Repeat the listing that follows, character for character, minus the pictures.

■ DATA SHOWN:

= Beginning of Section =

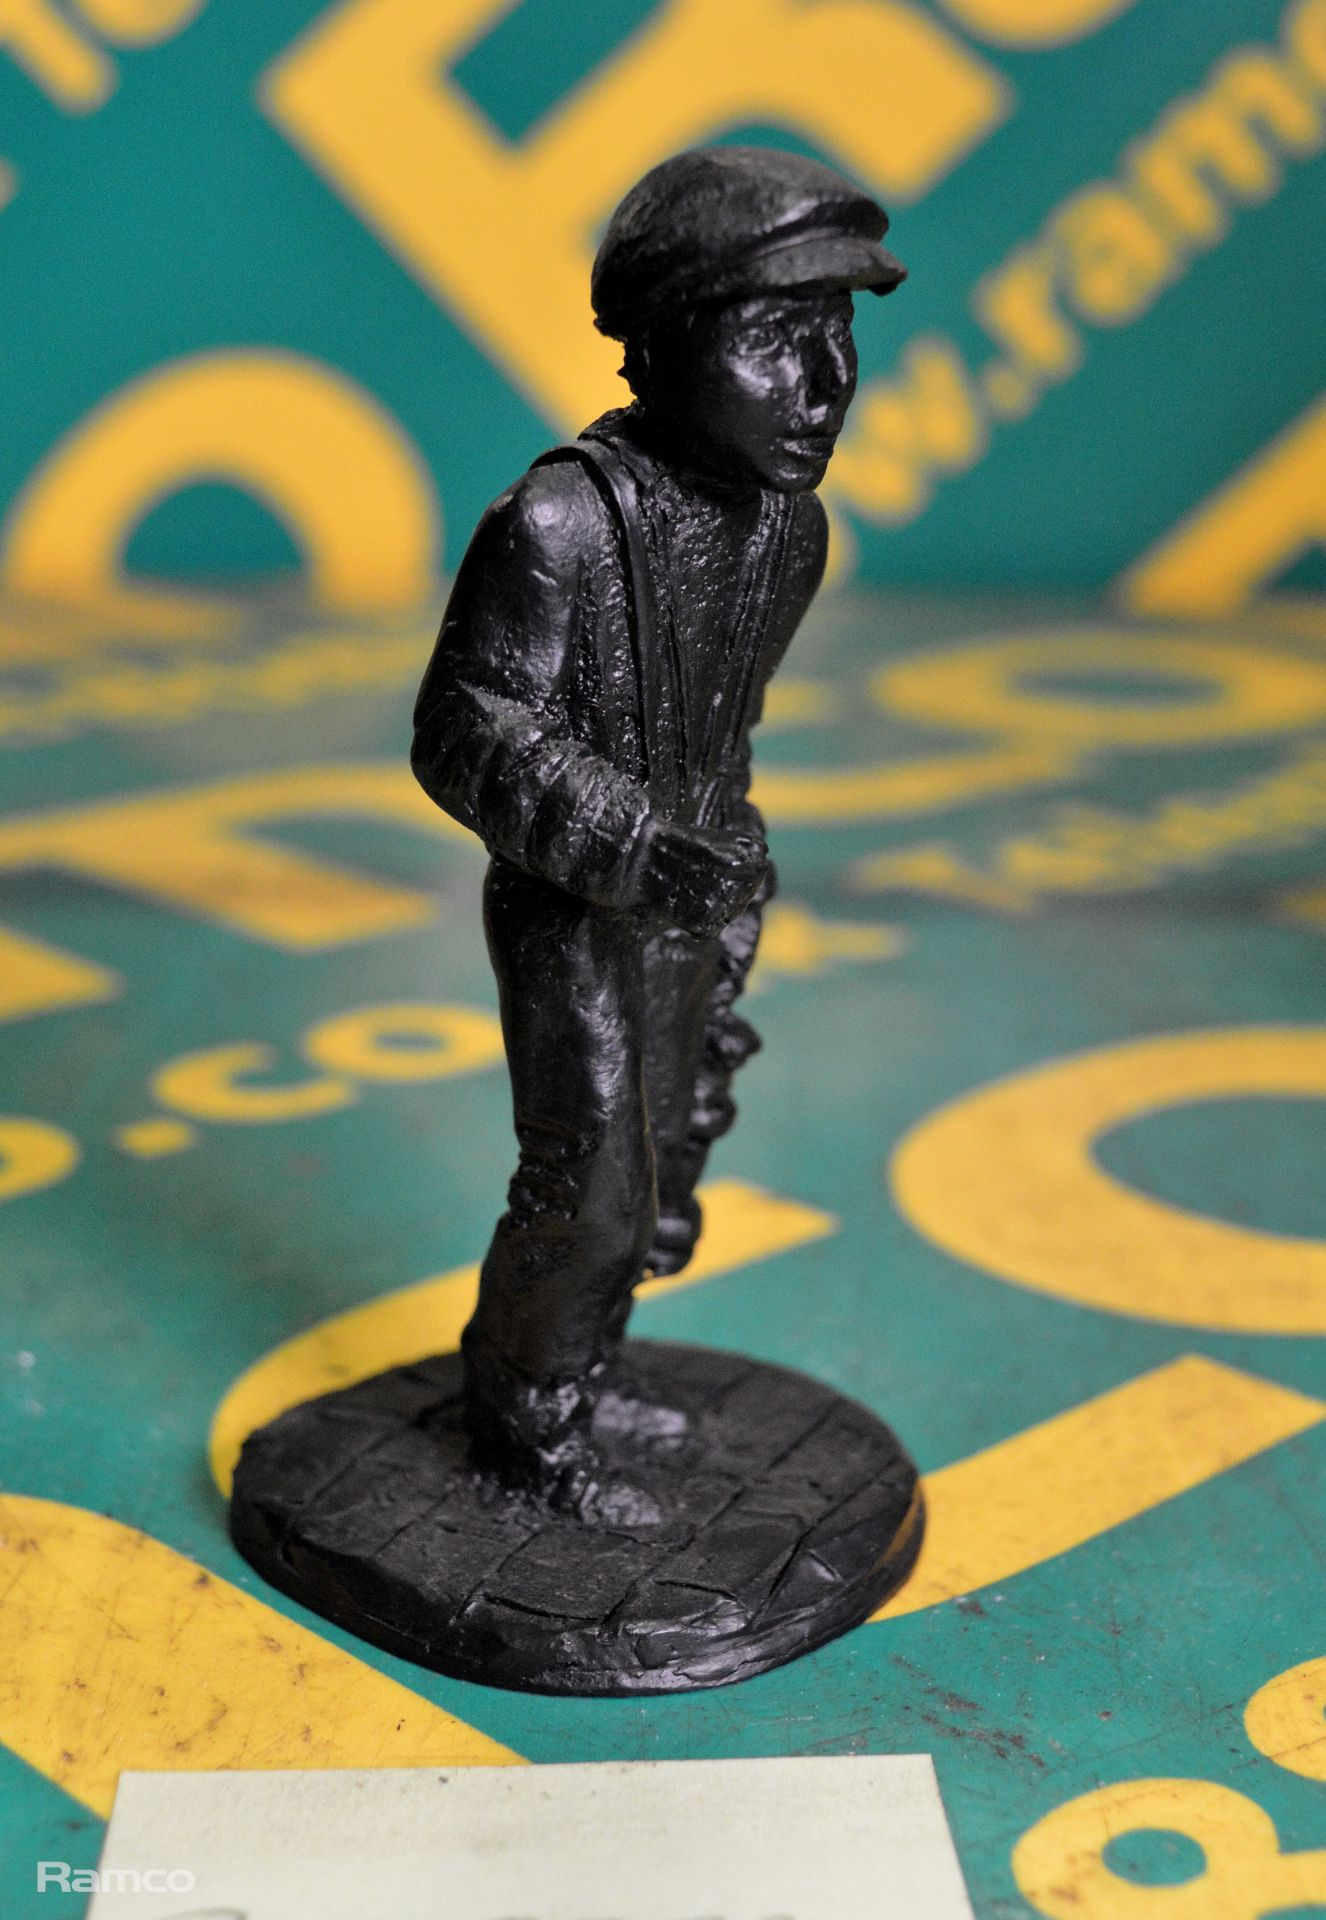 Classique coal miner figure ornament - Image 2 of 2
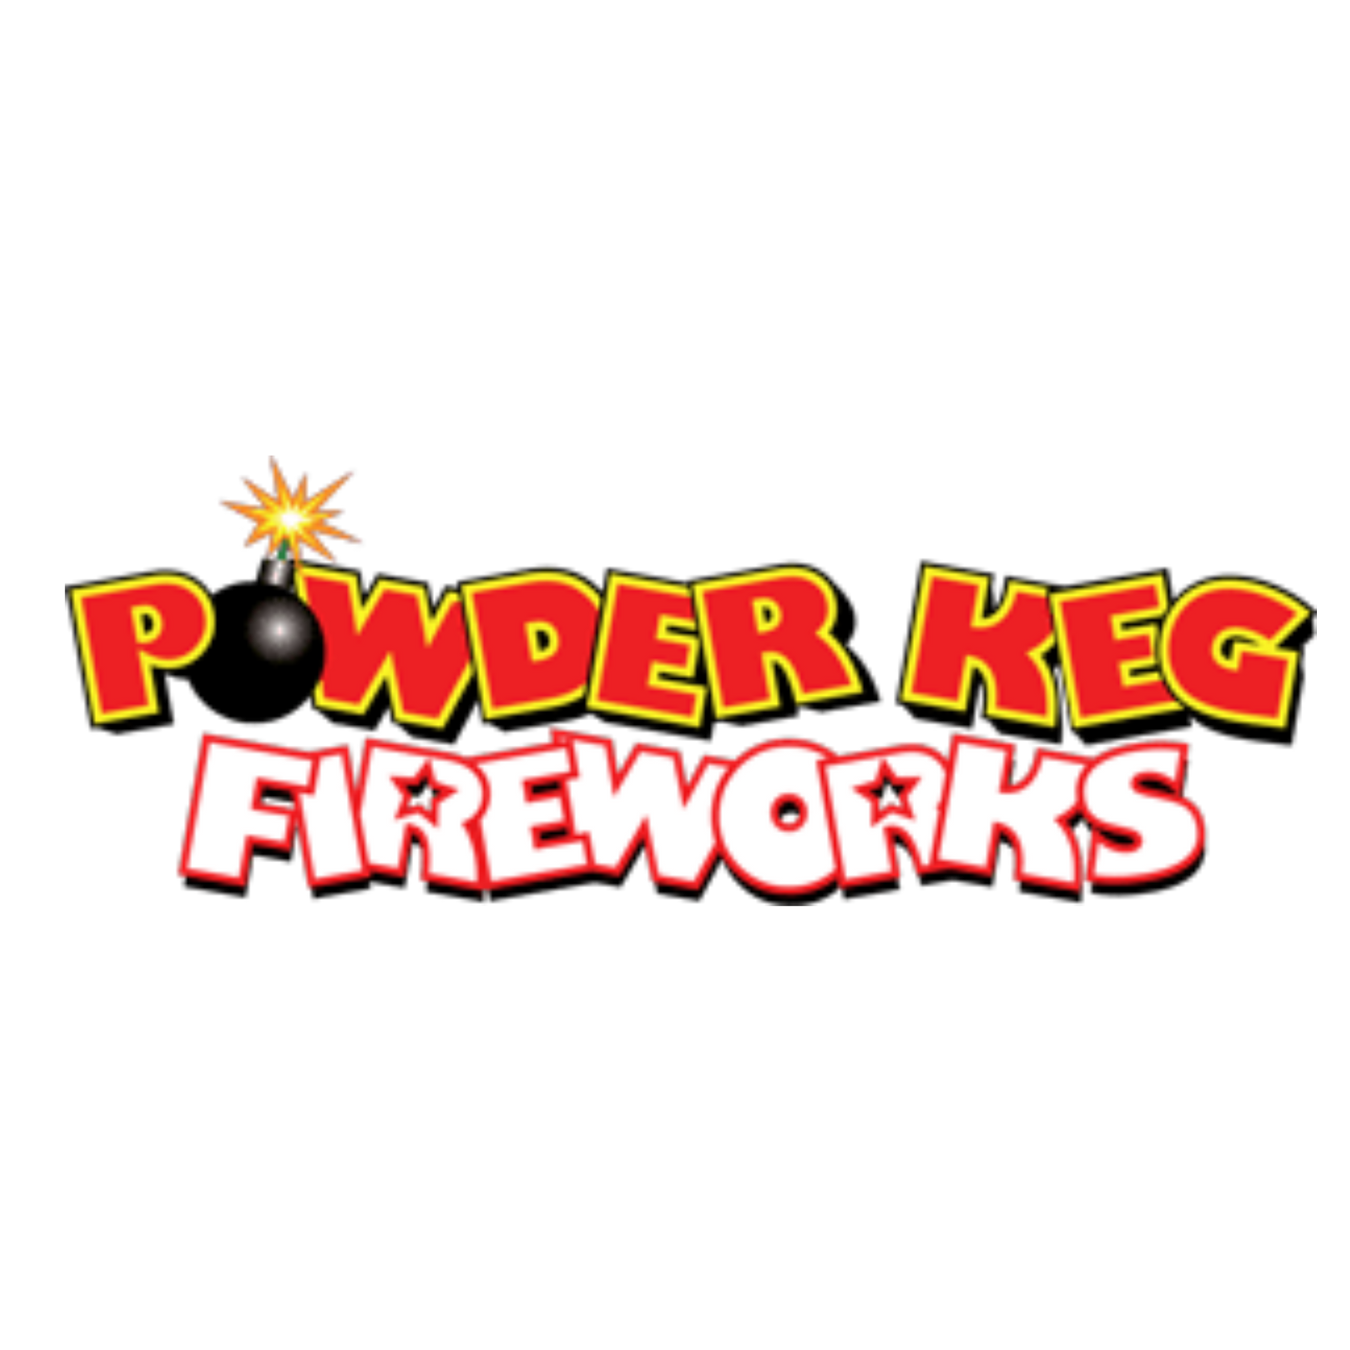 Powderkeg Fireworks
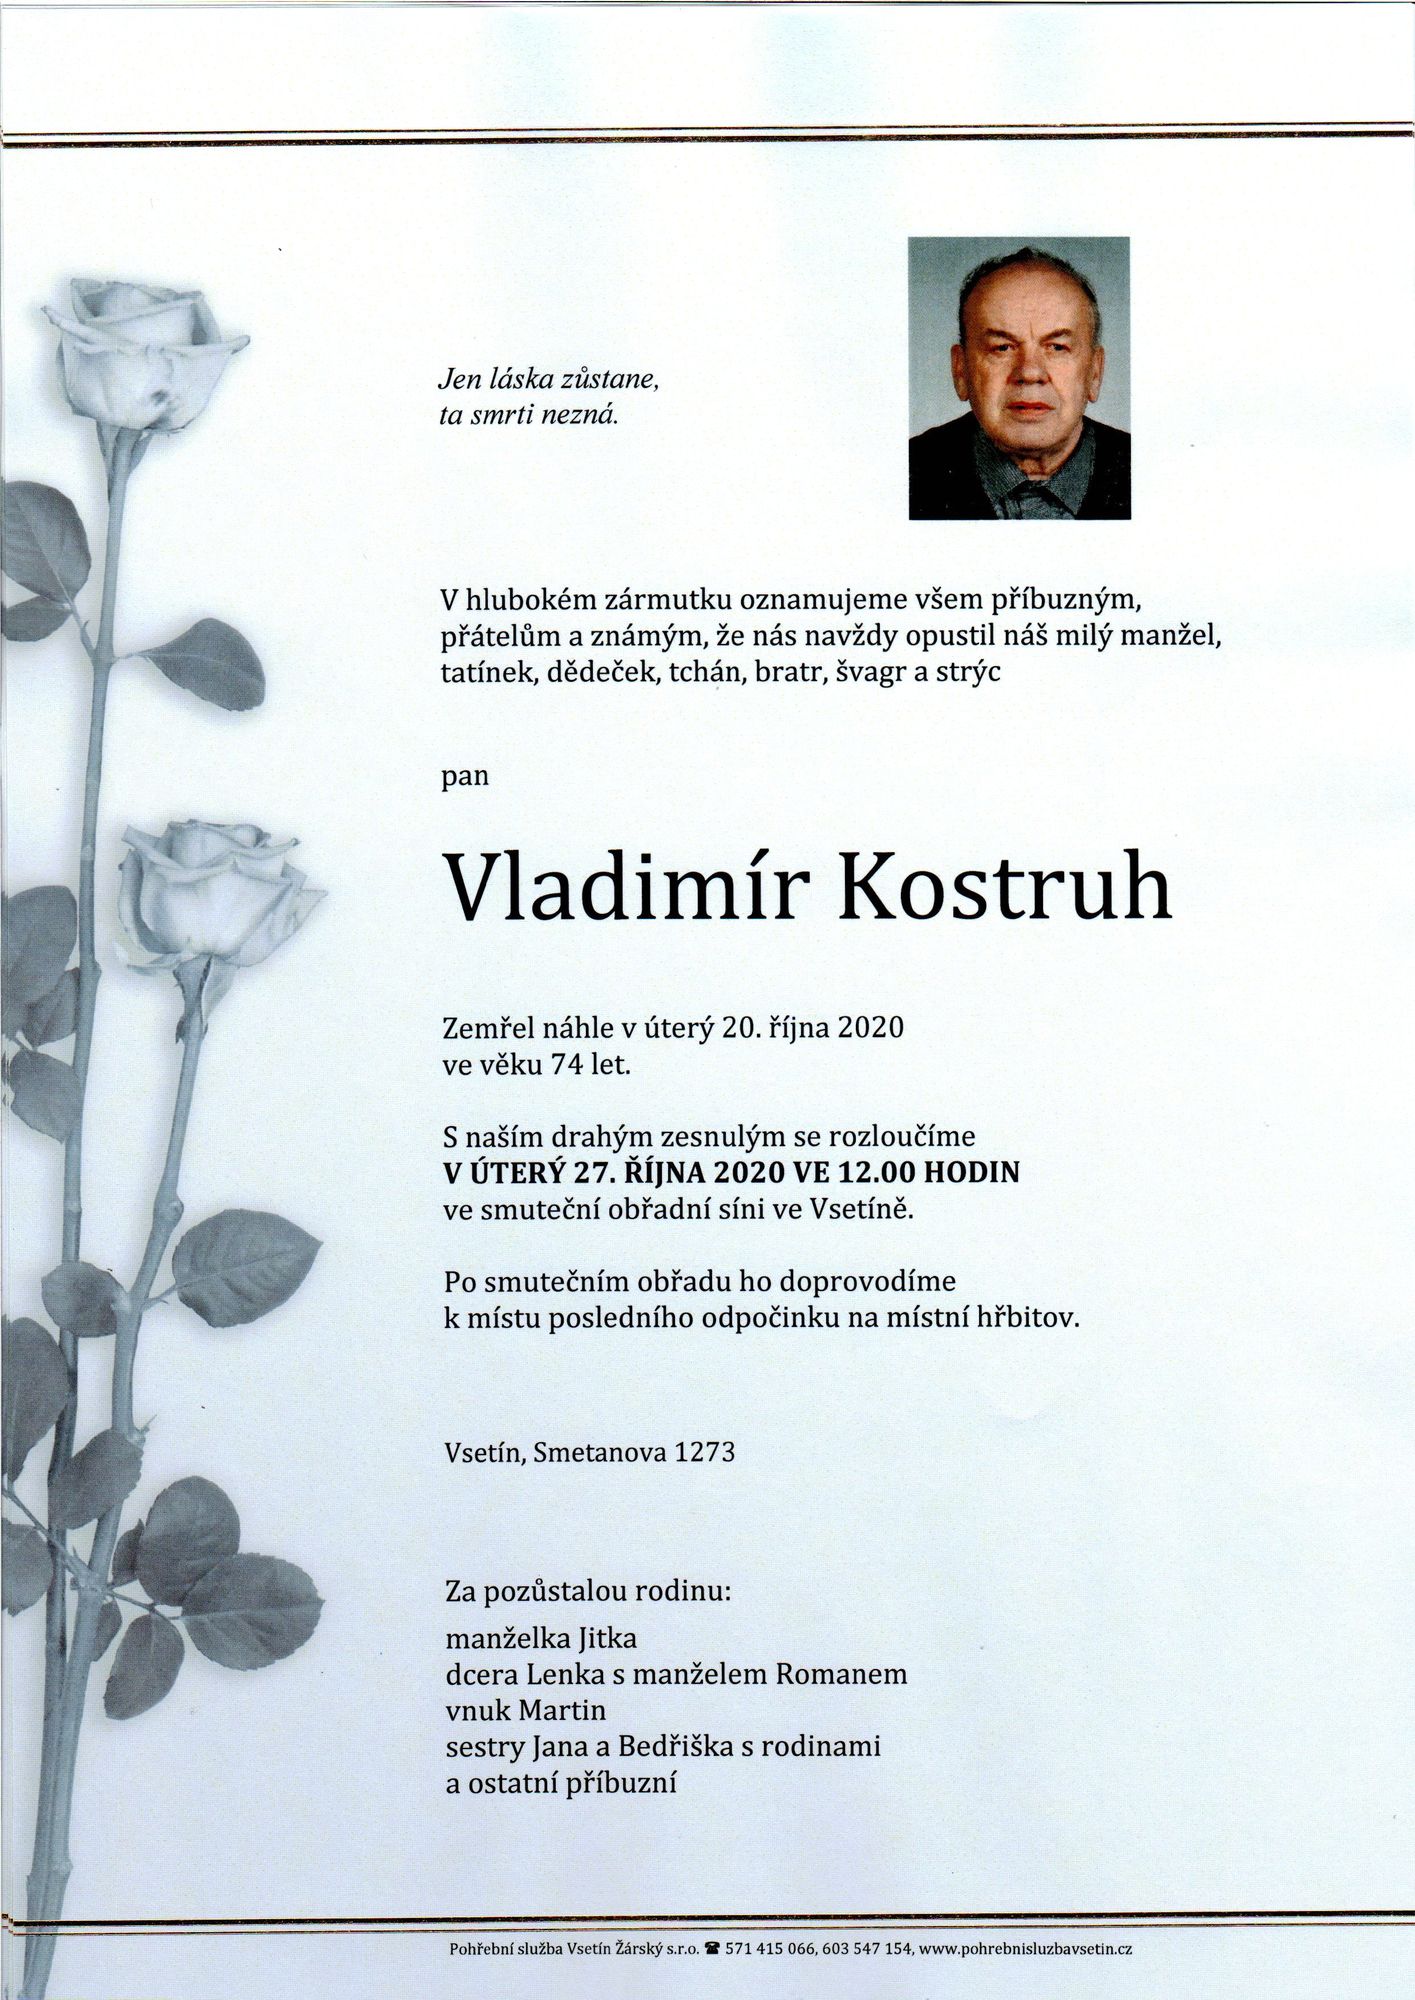 Vladimír Kostruh

= End of Section =

■ EXERCISE ANSWER:
 Classique coal miner figure ornament - Image 2 of 2
 Powderkeg Fireworks
 Vladimír Kostruh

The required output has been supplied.